8. Unbeliever’s prudence and care taken to preserve their own lives, or the caring concern of others to preserve them, does not give them a moment’s security. To this, divine providence and universal experience also bears testimony. There is clear evidence that men’s own wisdom is no security to them from death; otherwise we should see some difference between the wise and prudent men of the world, and others, with regard to their vulnerability to an early and unexpected death: but how is it in fact? Eccl. 2:16, “Like the fool, the wise man too must die!”

9. All wicked men’s pains and instruments which they use to escape hell, while they continue to reject Christ, and so remain wicked men, does not secure them from hell for one moment. Almost every natural man that hears of hell, flatters himself that he shall escape it; he depends upon himself for his own security; he flatters himself in what he has done, in what he is now doing, or what he intends to do. Every one determines in his own mind how he shall avoid damnation, and flatters himself that his strategies will not fail. They surely hear that only a few are saved, and that the greater part of men that have died have gone into hell; but each one imagines that he has a better plan for his own escape than others have come up with. He does not intend to come to that place of torment; he says within himself, that he intends to take sufficient care, and to arrange the concerns of his life so that he will not fail.

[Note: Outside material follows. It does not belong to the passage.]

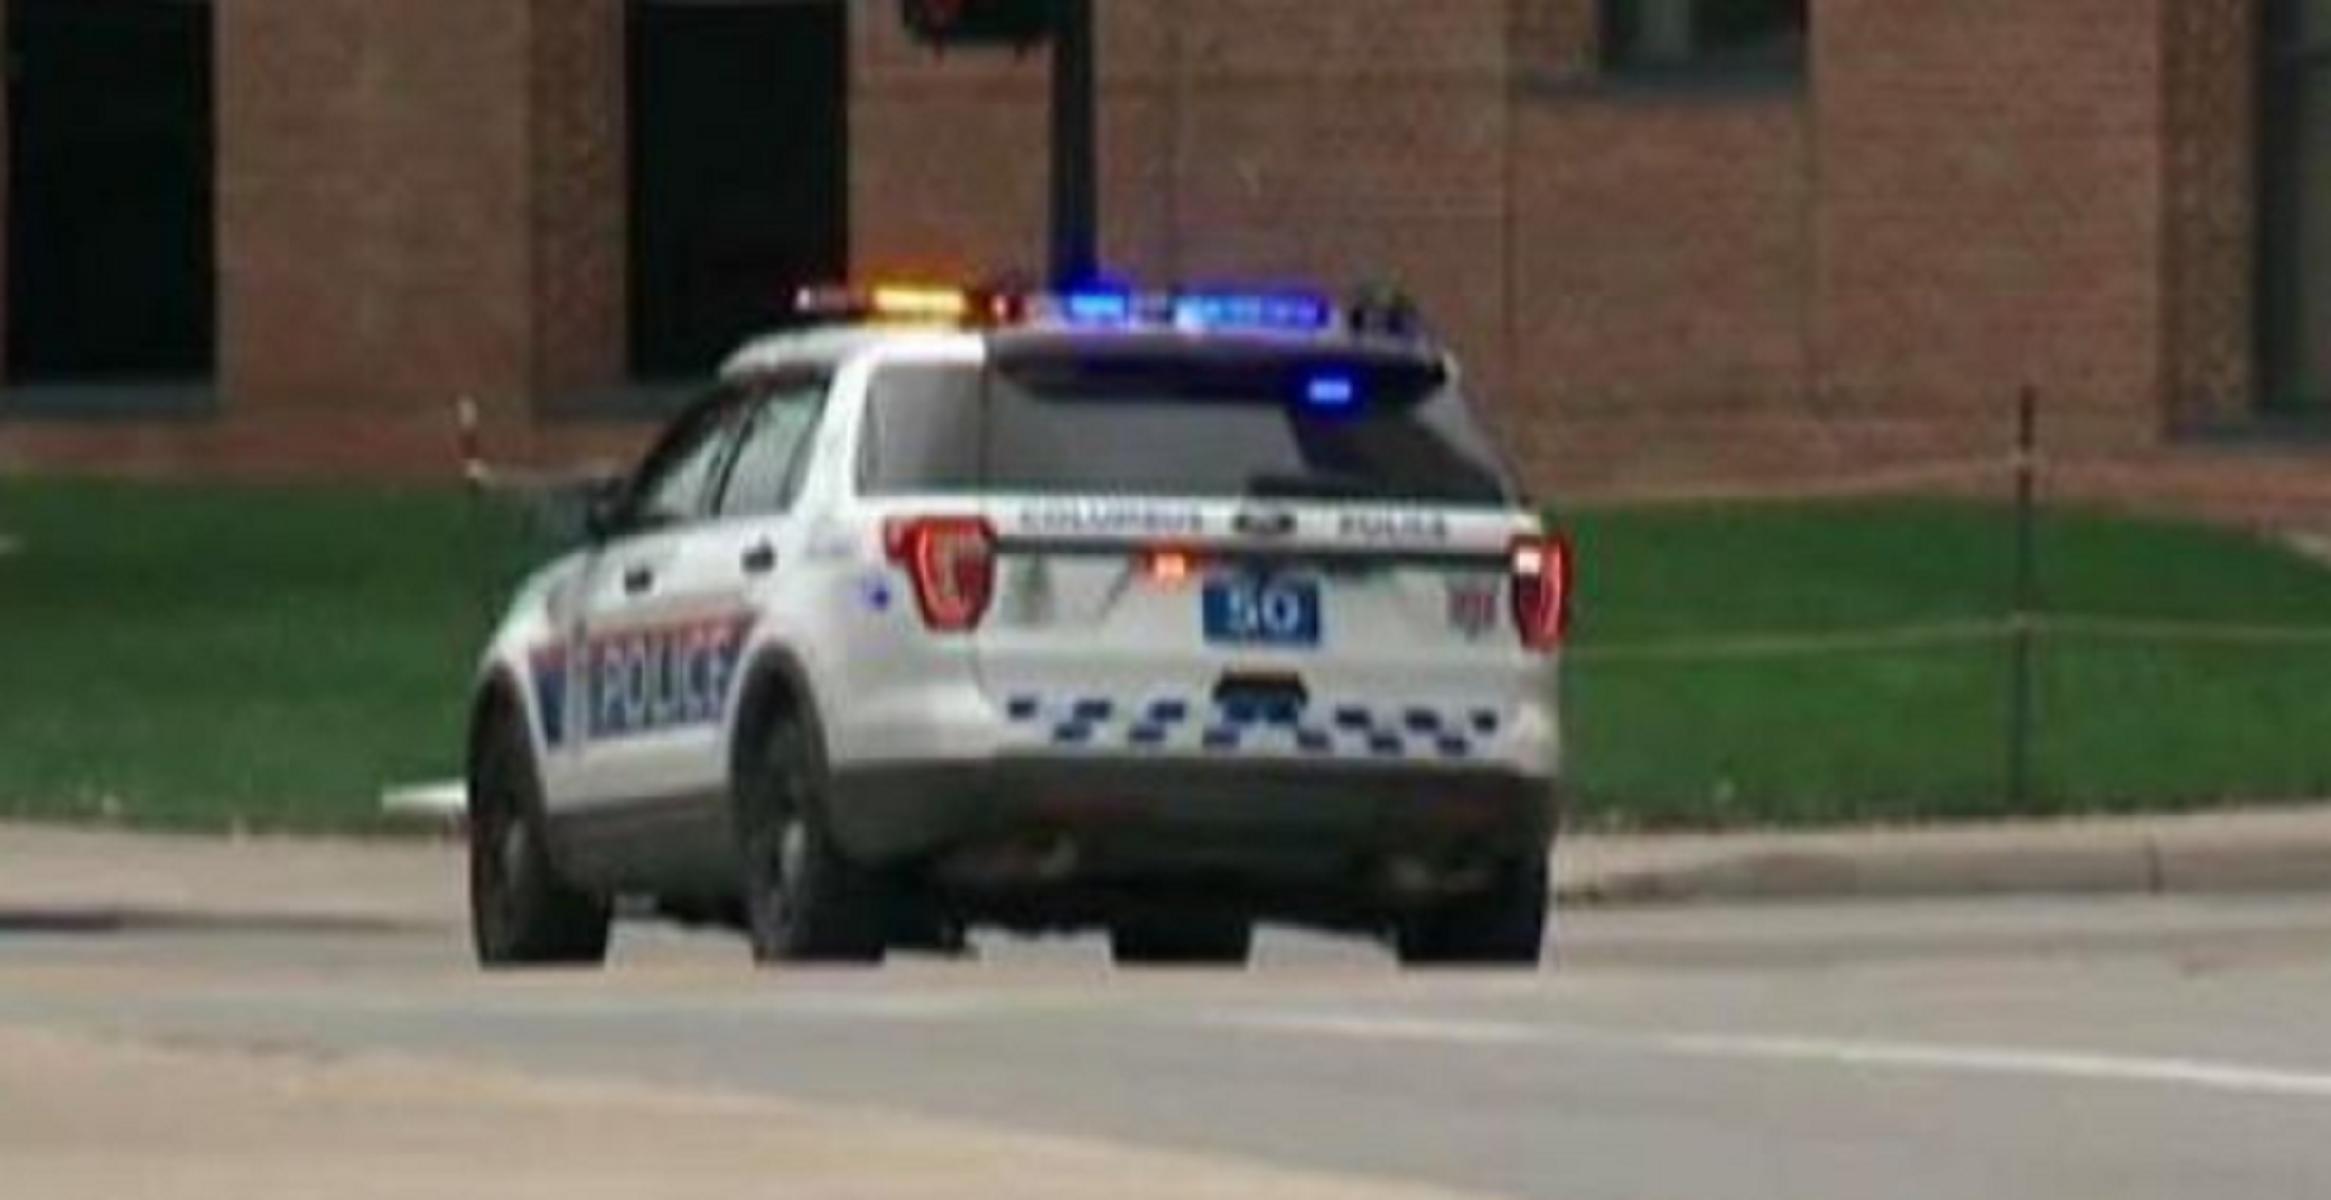 Tiroteo en Universidad Estatal de Ohio: policía recomienda a los estudiantes evitar áreas abiertas

But the foolish children of men miserably delude themselves in their own schemes, and in the confidence of their own strength and wisdom; they trust in nothing but a shadow. The greater part of those who have lived under the same patient grace of God, and are now dead, and have undoubtedly gone into hell; and it was not because they were not as wise as those who are now alive; it was not because they did not determine for themselves how to secure their own escape. If we could speak with them, and inquire of them, one by one, whether they expected, when alive, when they used to hear about hell, ever to be the subjects of that misery, we, doubtless, should hear one and another reply, “No, I never intended to come here: I had determined otherwise in my mind; I thought I had a good plan for myself: I thought my strategy was good. I intended to take sufficient care; but it came upon me unexpectedly: I didn’t expect it at that time, and in that way; it came as a thief: Death outwitted me: God’s wrath was too quick for me. O my cursed foolishness! I was flattering myself, and pleasing myself with vain dreams of what I would do after the life on earth; and when I was saying, Peace and safety, then sudden destruction came upon me.”